*Task goal*: Where the listing shows an image, skip it and output all other material unchanged.

*Given material*:
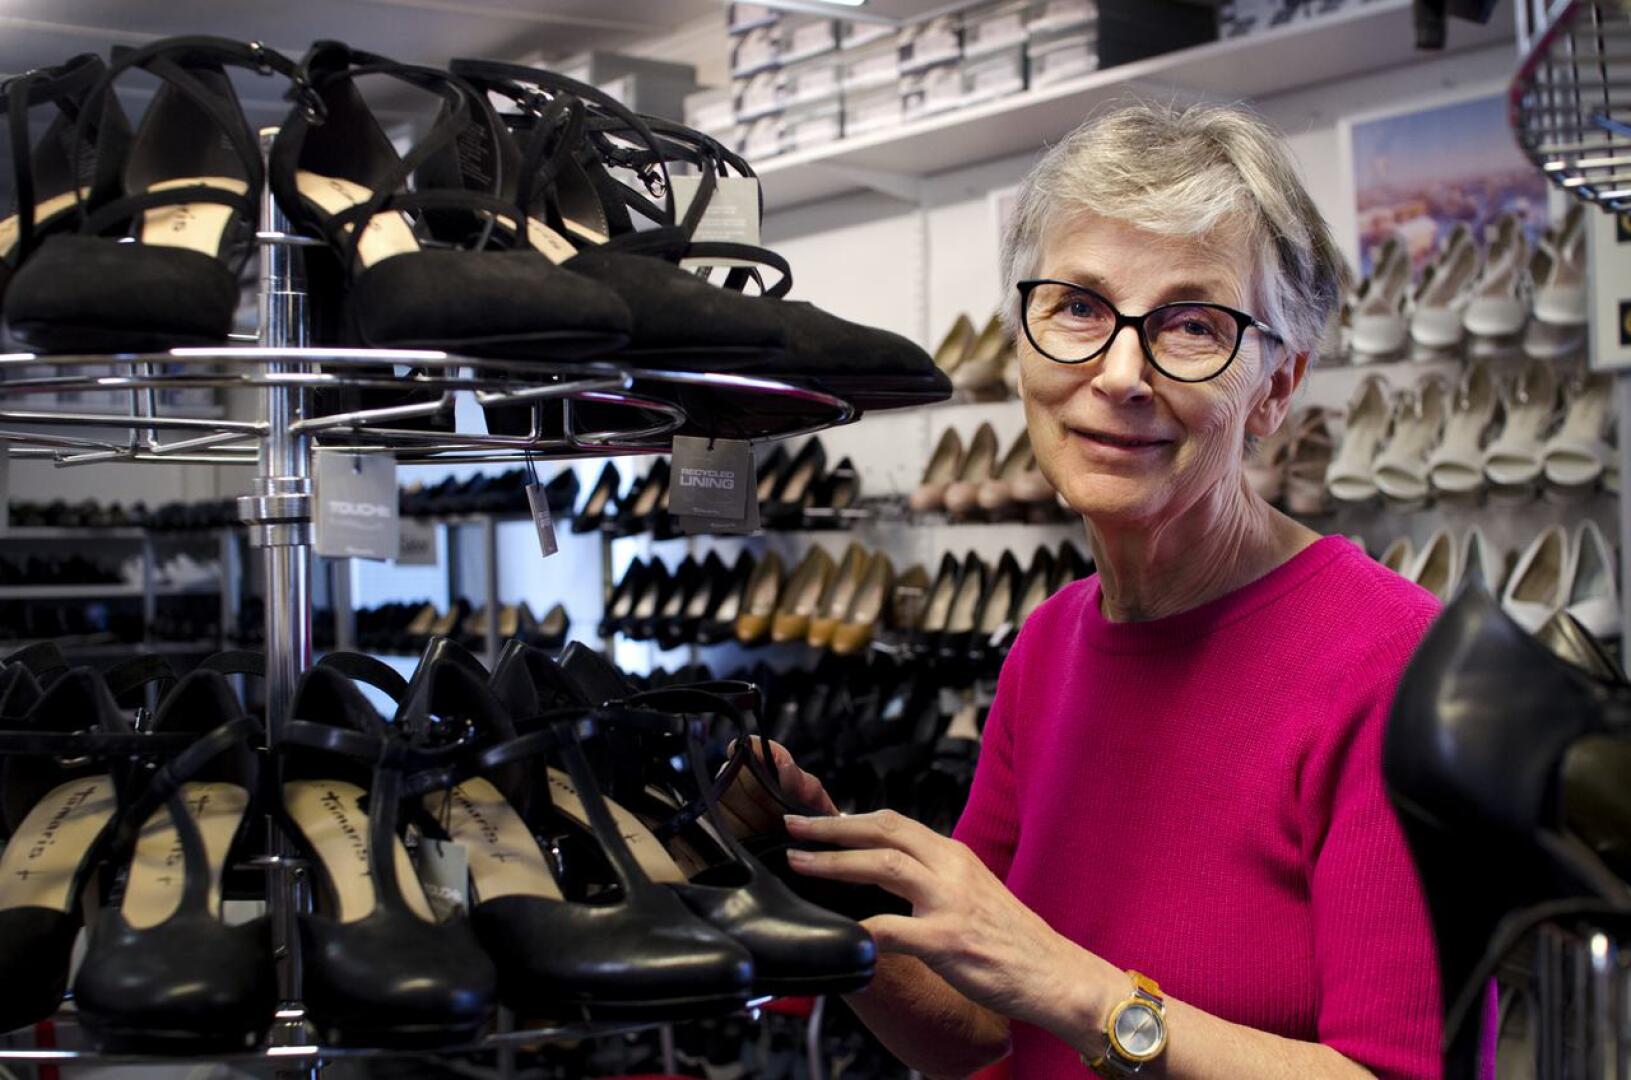 Ylivieskan kenkäkaupan yrittäjä Kaarina Juntunen valittiin vuoden 2022 Savisillan Santraksi. Hänestä Ylivieskassa on mukava toimia yrittäjänä.
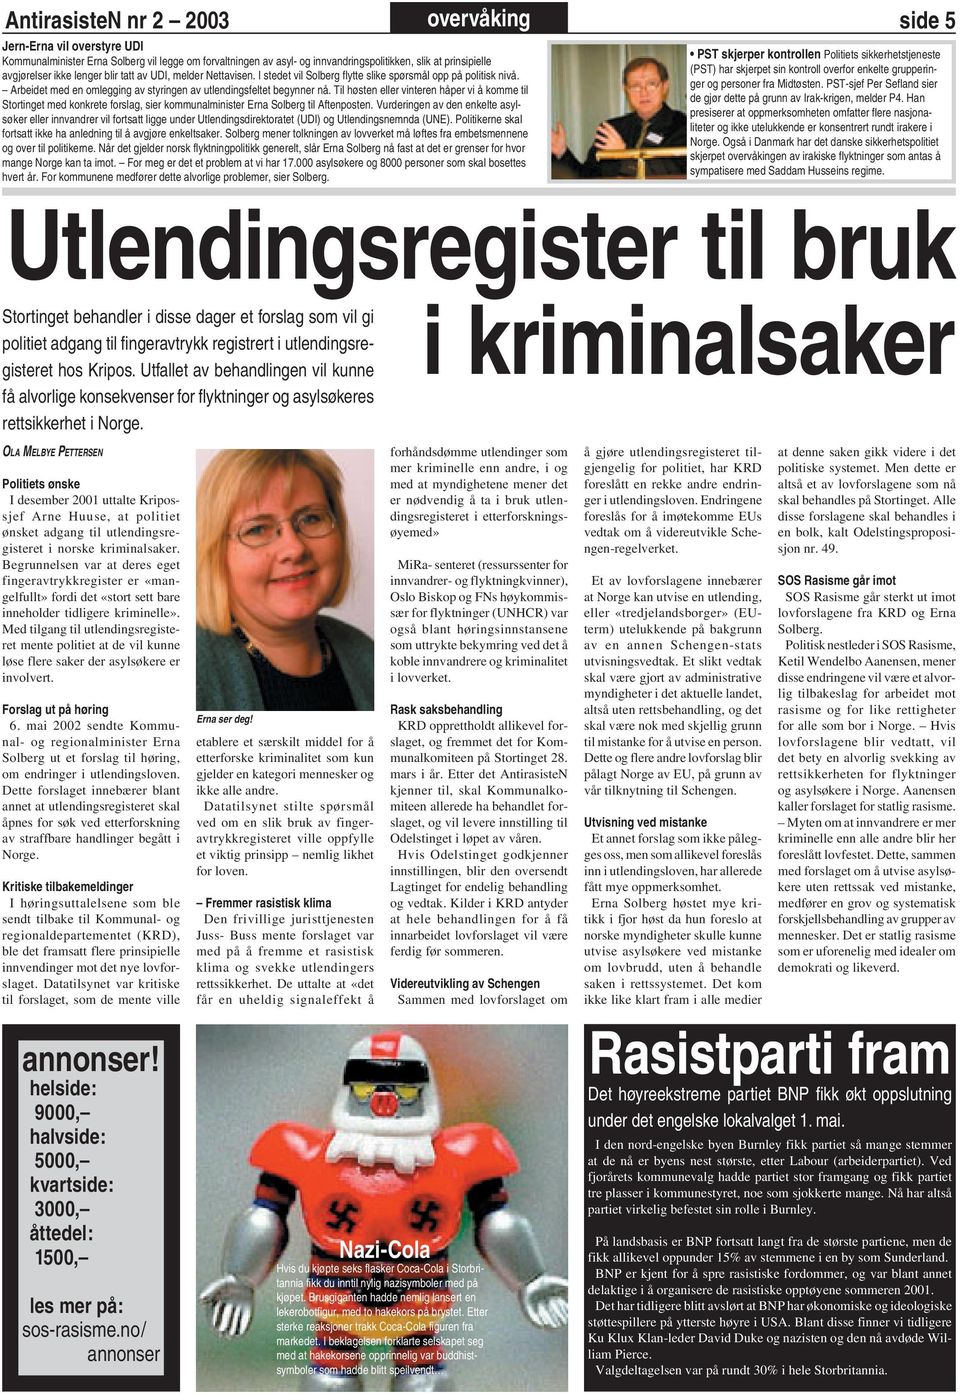 Til høsten eller vinteren håper vi å komme til Stortinget med konkrete forslag, sier kommunalminister Erna Solberg til Aftenposten.
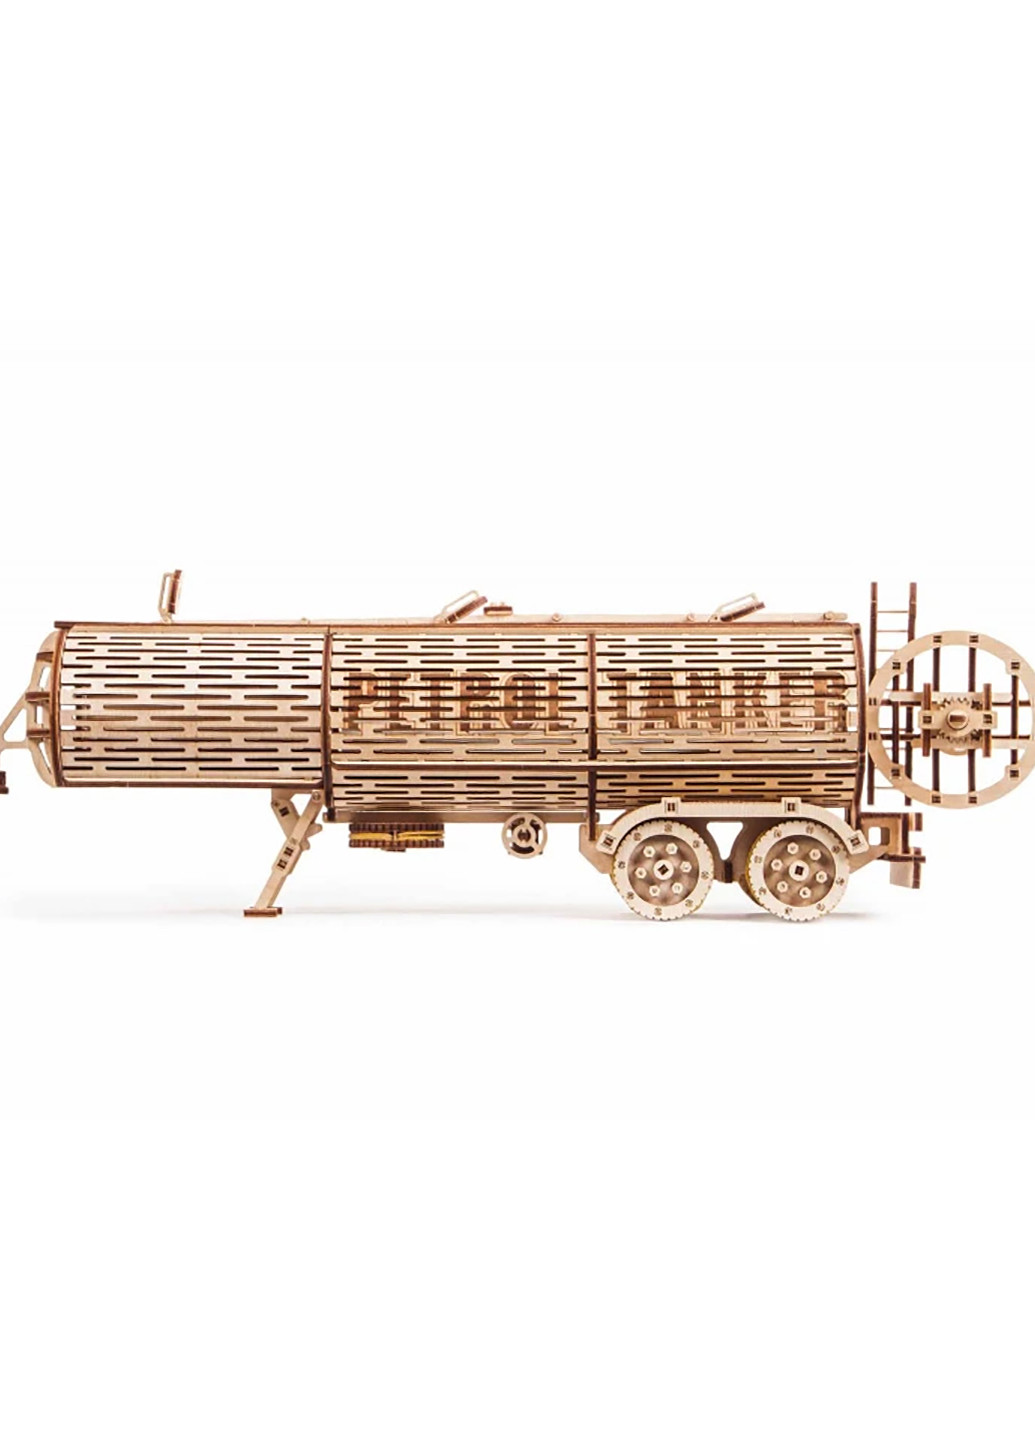 Механически сувенирно-коллекционная модель "Прицеп цистерна" 0 Wood Trick 289 (255335477)

*Result for this exercise*:
 Ylivieskan kenkäkaupan yrittäjä Kaarina Juntunen valittiin vuoden 2022 Savisillan Santraksi. Hänestä Ylivieskassa on mukava toimia yrittäjänä.
 Til høsten eller vinteren håper vi å komme til Stortinget med konkrete forslag, sier kommunalminister Erna Solberg til Aftenposten.
 Механически сувенирно-коллекционная модель "Прицеп цистерна" 0 Wood Trick 289 (255335477)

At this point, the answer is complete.